Reputation: 1608
I'm trying to crawl a website (I got their authorization), and my code returns what I want in scrapy shell, but I get nothing in my spider.
I also checked all the previous question similar to this one without any success, e.g., the website doesn't use javascript in the home page to load the elements I need.
import scrapy
class MySpider(scrapy.Spider):
name = 'MySpider'
start_urls = [ #WRONG URL, SHOULD BE https://shop.app4health.it/ PROBLEM SOLVED!
'https://www.app4health.it/',
]
def parse(self, response):
self.logger.info('A response from %s just arrived!', response.url)
print ('PRE RISULTATI')
results = response.selector.xpath('//*[@id="nav"]/ol/li[*]/a/@href').extract()
# results = response.css('li a>href').extract()
# This works on scrapy shell, not in code
#risultati = response.xpath('//*[@id="nav"]/ol/li[1]/a').extract()
print (risultati)
#for pagineitems in risultati:
# next_page = pagineitems
print ('NEXT PAGE')
#Ignores the request cause already done. Insert dont filter
yield scrapy.Request(url=risultati, callback=self.prodotti,dont_filter = True)

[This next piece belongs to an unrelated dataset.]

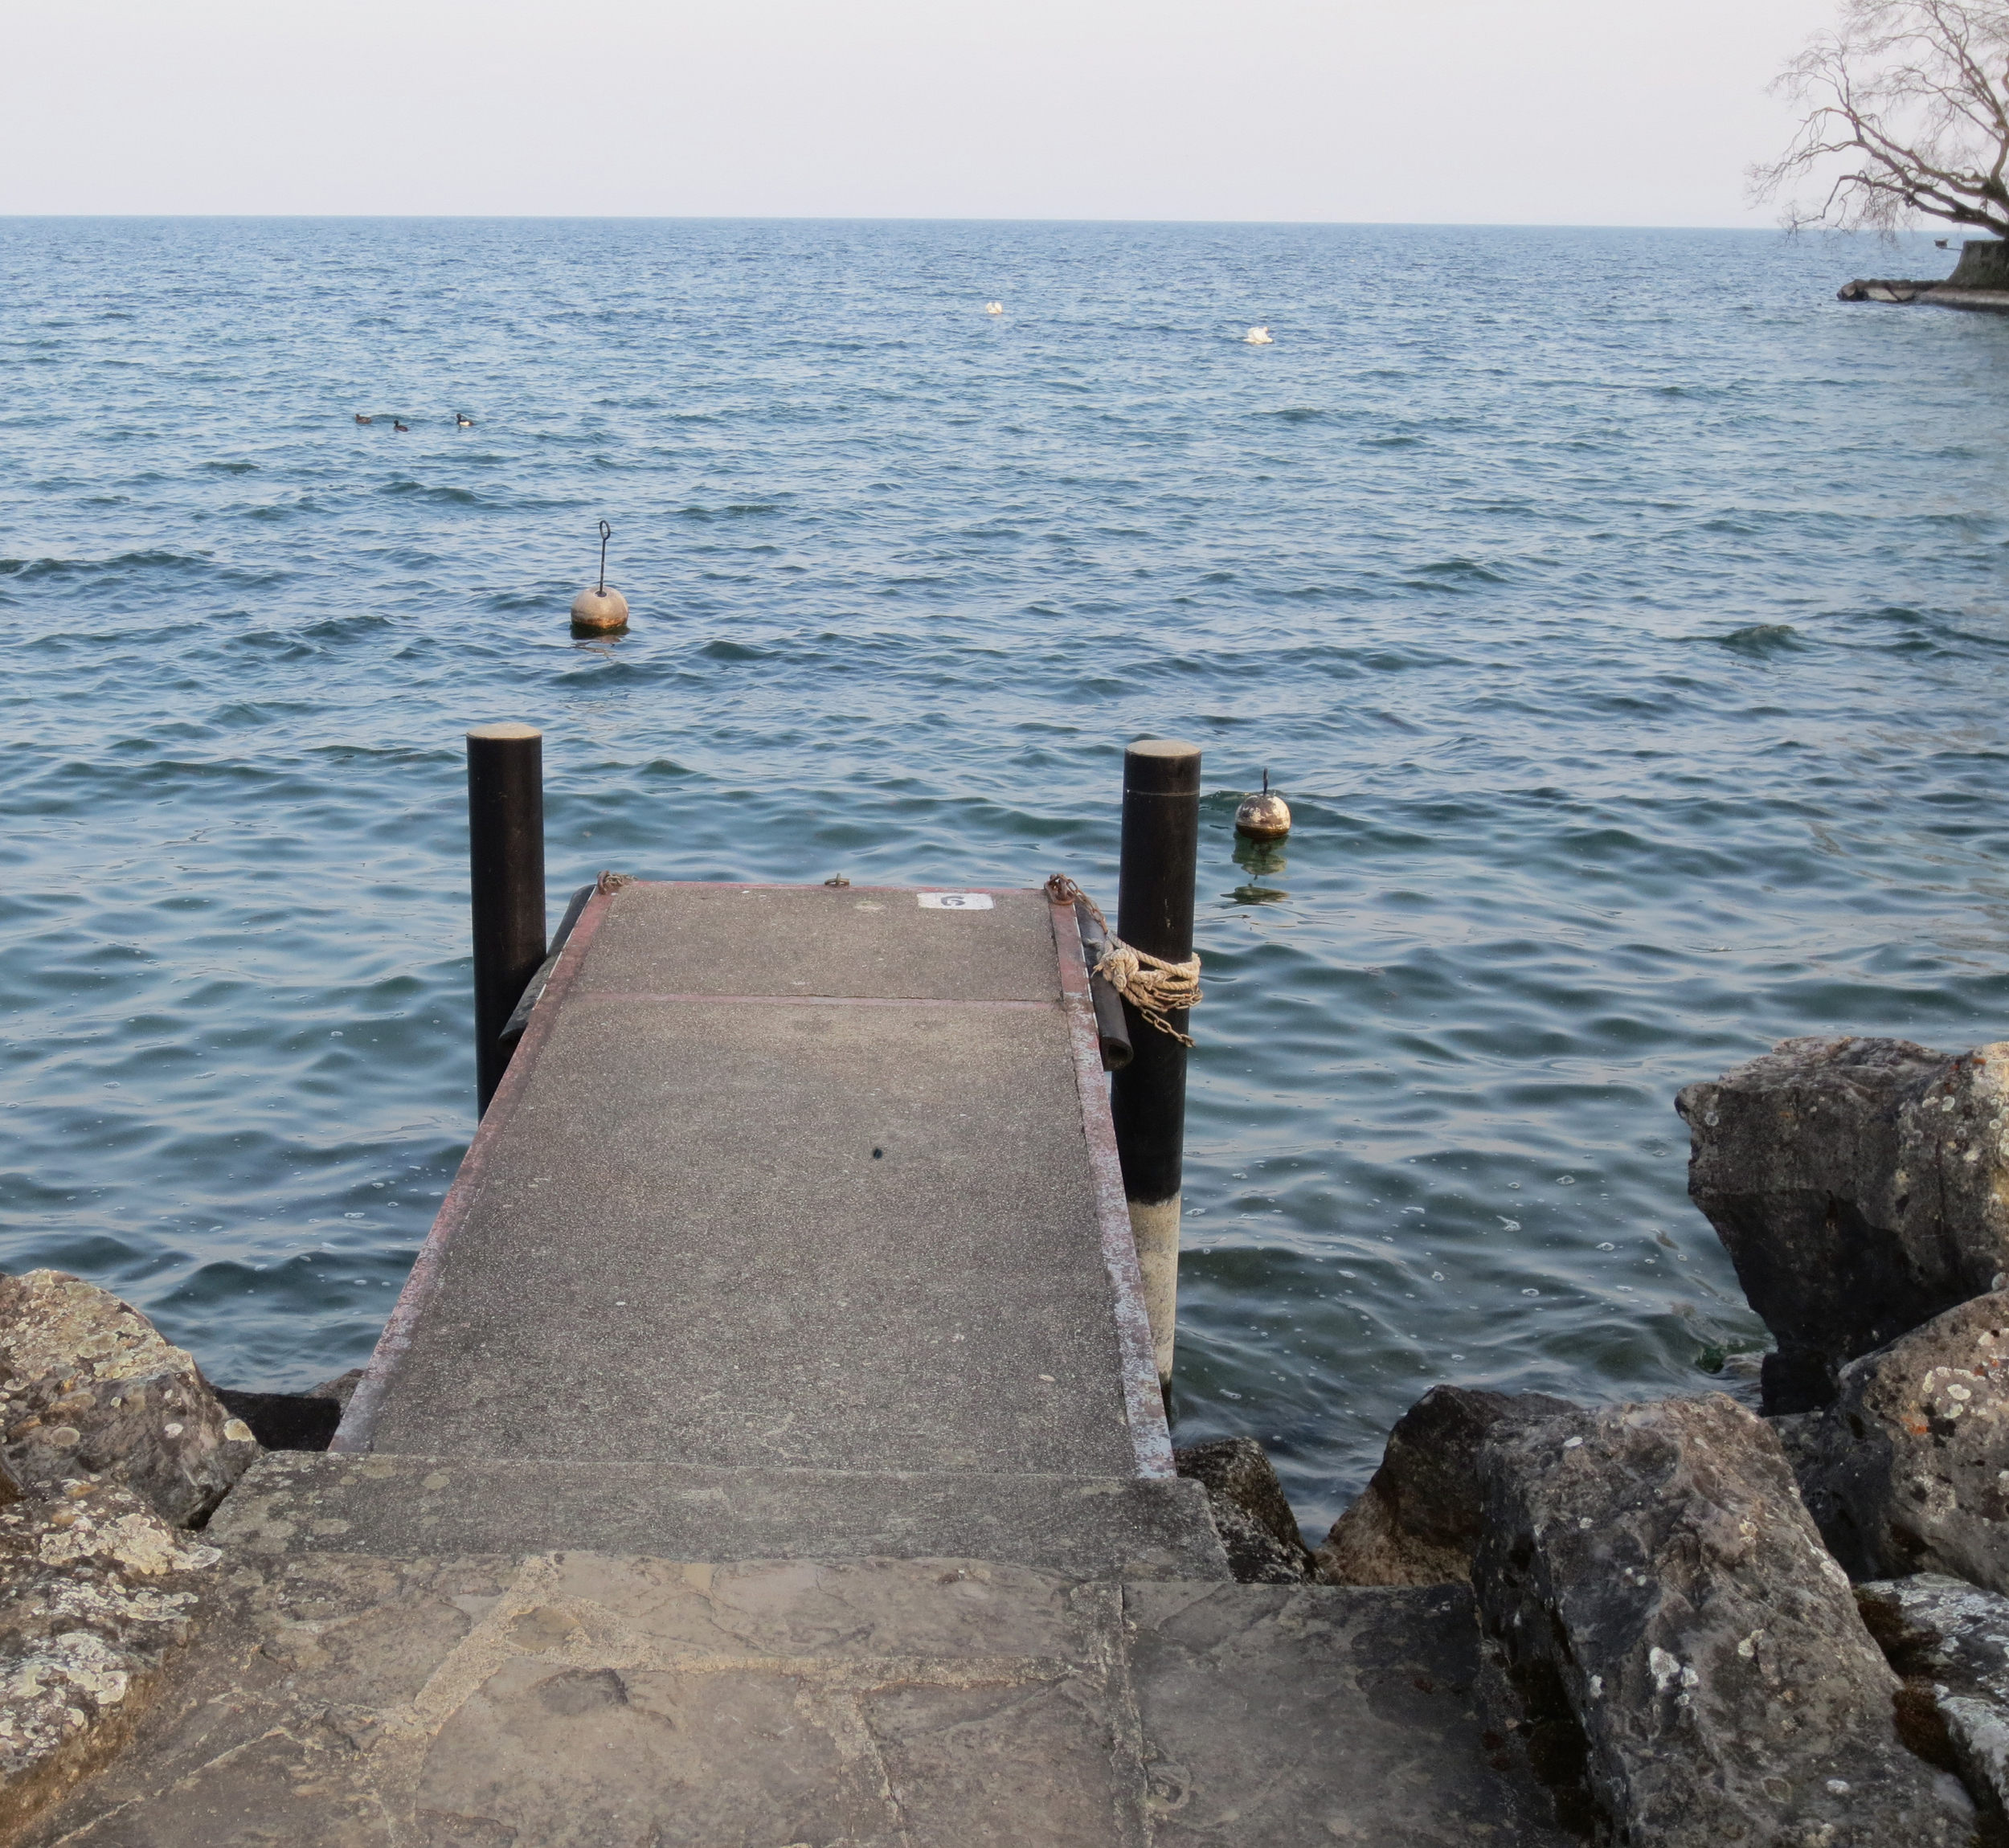   A dock stretches out onto the shore of Lake Geneva in the village of Rolle, Switzerland. June, 2012.  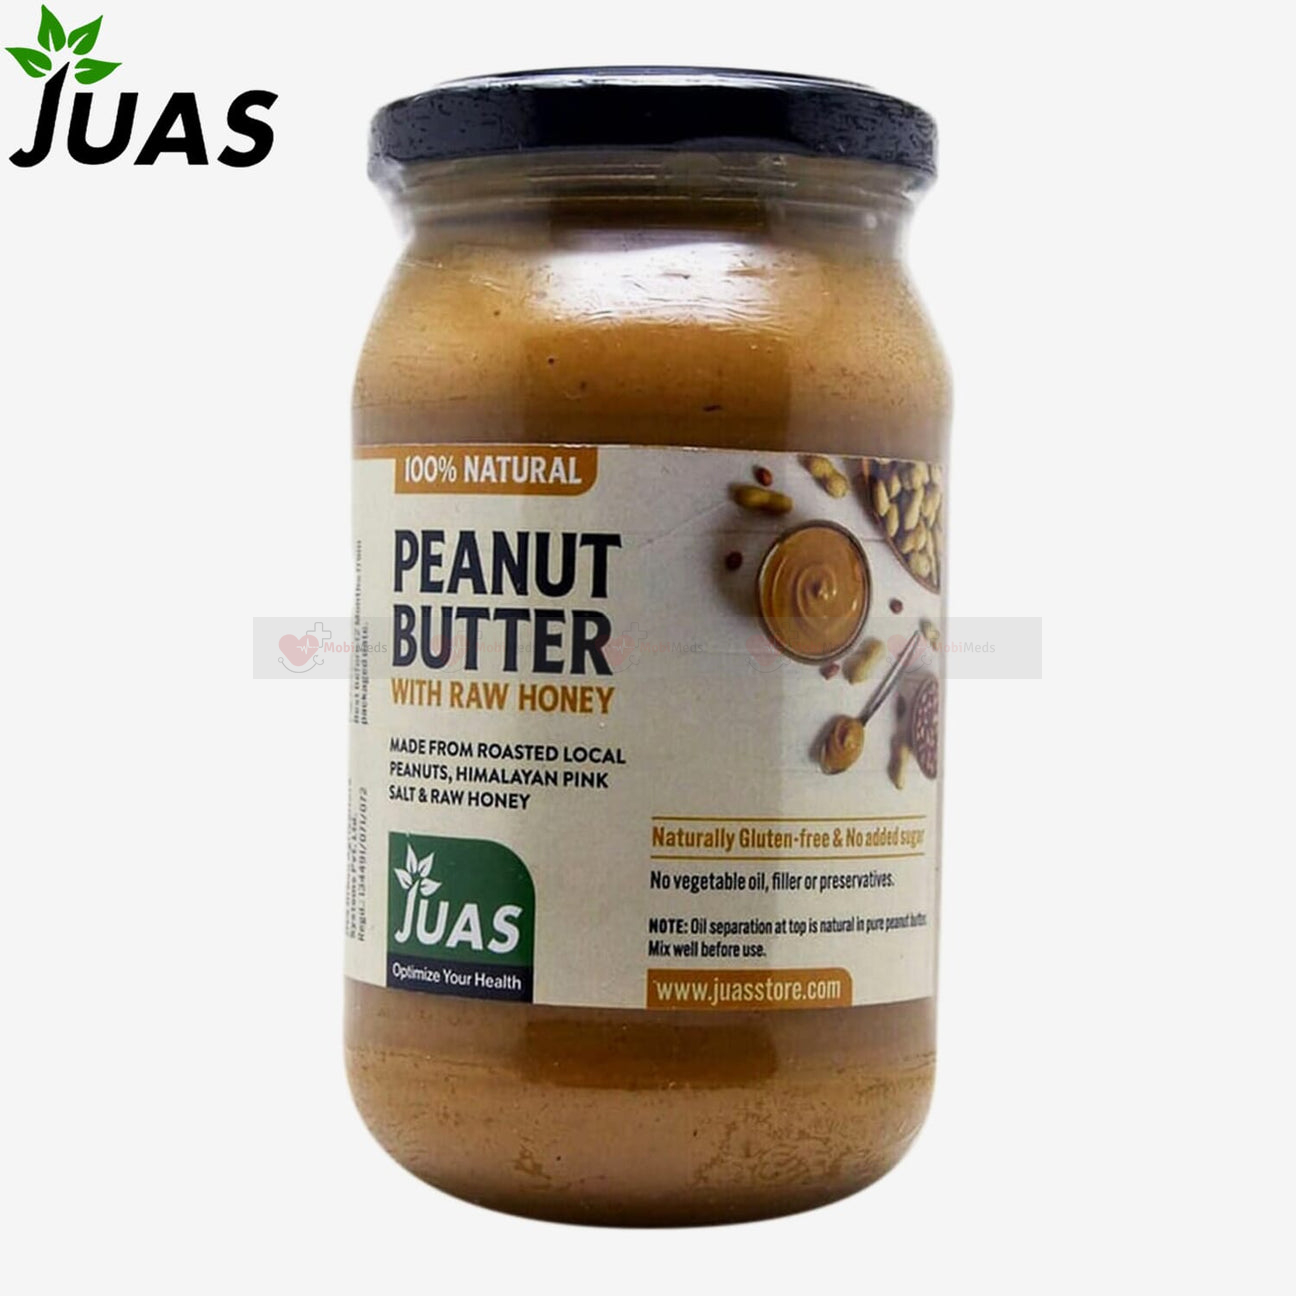 JUAS Peanut Butter With Raw Honey (All Natural) 395gm

def prodotti(self, response):
self.logger.info('A REEEESPONSEEEEEE from %s just arrived!', response.url)
return 1
The website i'm trying to crawl is https://shop.app4health.it/
The xpath command that i use is this one :
response.selector.xpath('//*[@id="nav"]/ol/li[*]/a/@href').extract()
I know there are some problems with the prodotti function ecc..., but that's not the point. I would like to understand why the xpath selector works with scrapy shell ( i get exactly the links that i need ), but when i run it in my spider, i always get a null list.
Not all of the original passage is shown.